To maximize your time, Roup recommends you start with a short, dynamic workout and cool down with a couple of stretches. "This increases blood flow to the areas of the body you'll be working in the reps. It doesn’t need to be long, but this will help the body ease into movements and finish strong!" she says.
"I recommend any workouts using pieces of equipment.
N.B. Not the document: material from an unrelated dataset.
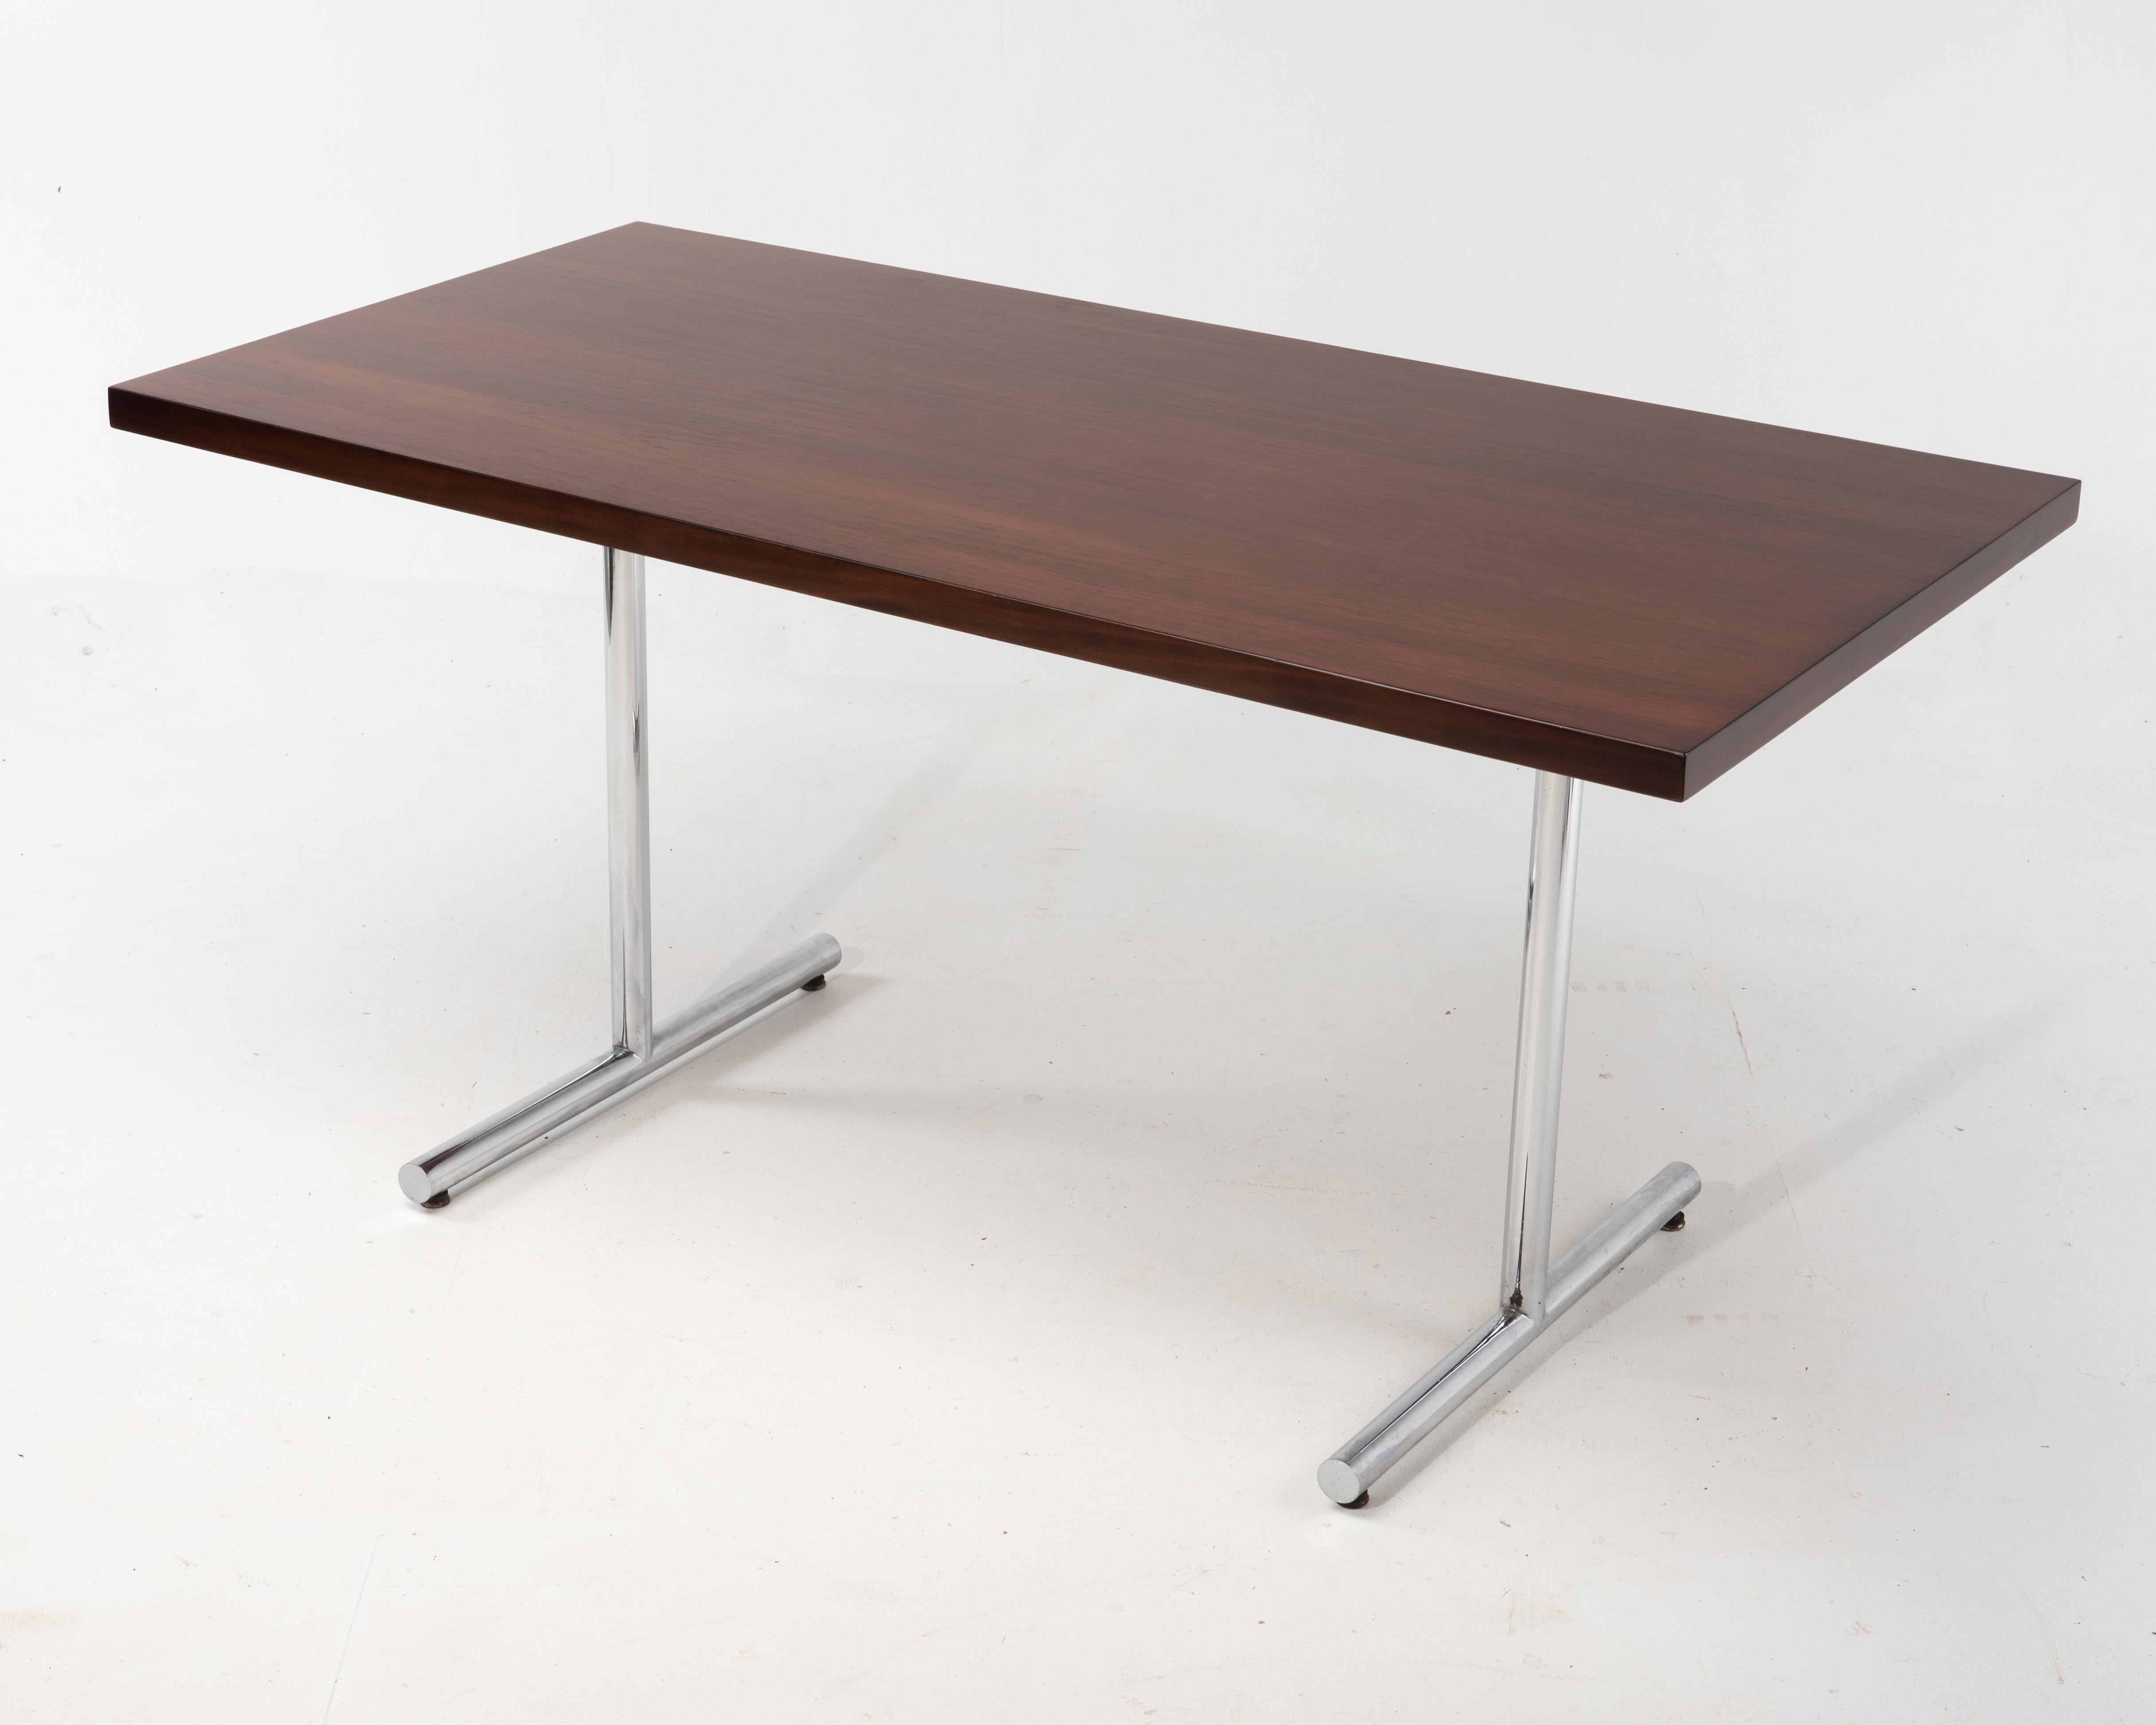 A chrome and rosewood desk from the 1970s. Beautifully book matched top. One single drawer in the center, if removed the desk would make a wonderful dining table. The tag is shown, but we do not see any makers name, nor does it help us attribute it

Whether it's a heavy ankle band or gliders or P.volve's proprietary equipment, the P.band and P.ball, the equipment helps intensify the timely workout," McEwen suggests. "These pieces of equipment are designed to activate your stabilizers and deep intrinsic muscles immediately."
Do Some Strength Training
"Everyone is different, but if I only had 15 minutes, I would focus on strength training!" Roup says. "In The Sculpt Society class, the sculpt sections focus on functional exercises like lunges and squats using sliders, mixed in with hip mobility work to strengthen your core and glutes. This combo creates a long, lean, strong body."
Get Friends to Help
A little pressure from friends, family, or co-workers can keep you accountable. Kaplan suggests asking them to join you in getting a quick exercise in. Plus, working out with friends is just a lot more fun, anyway.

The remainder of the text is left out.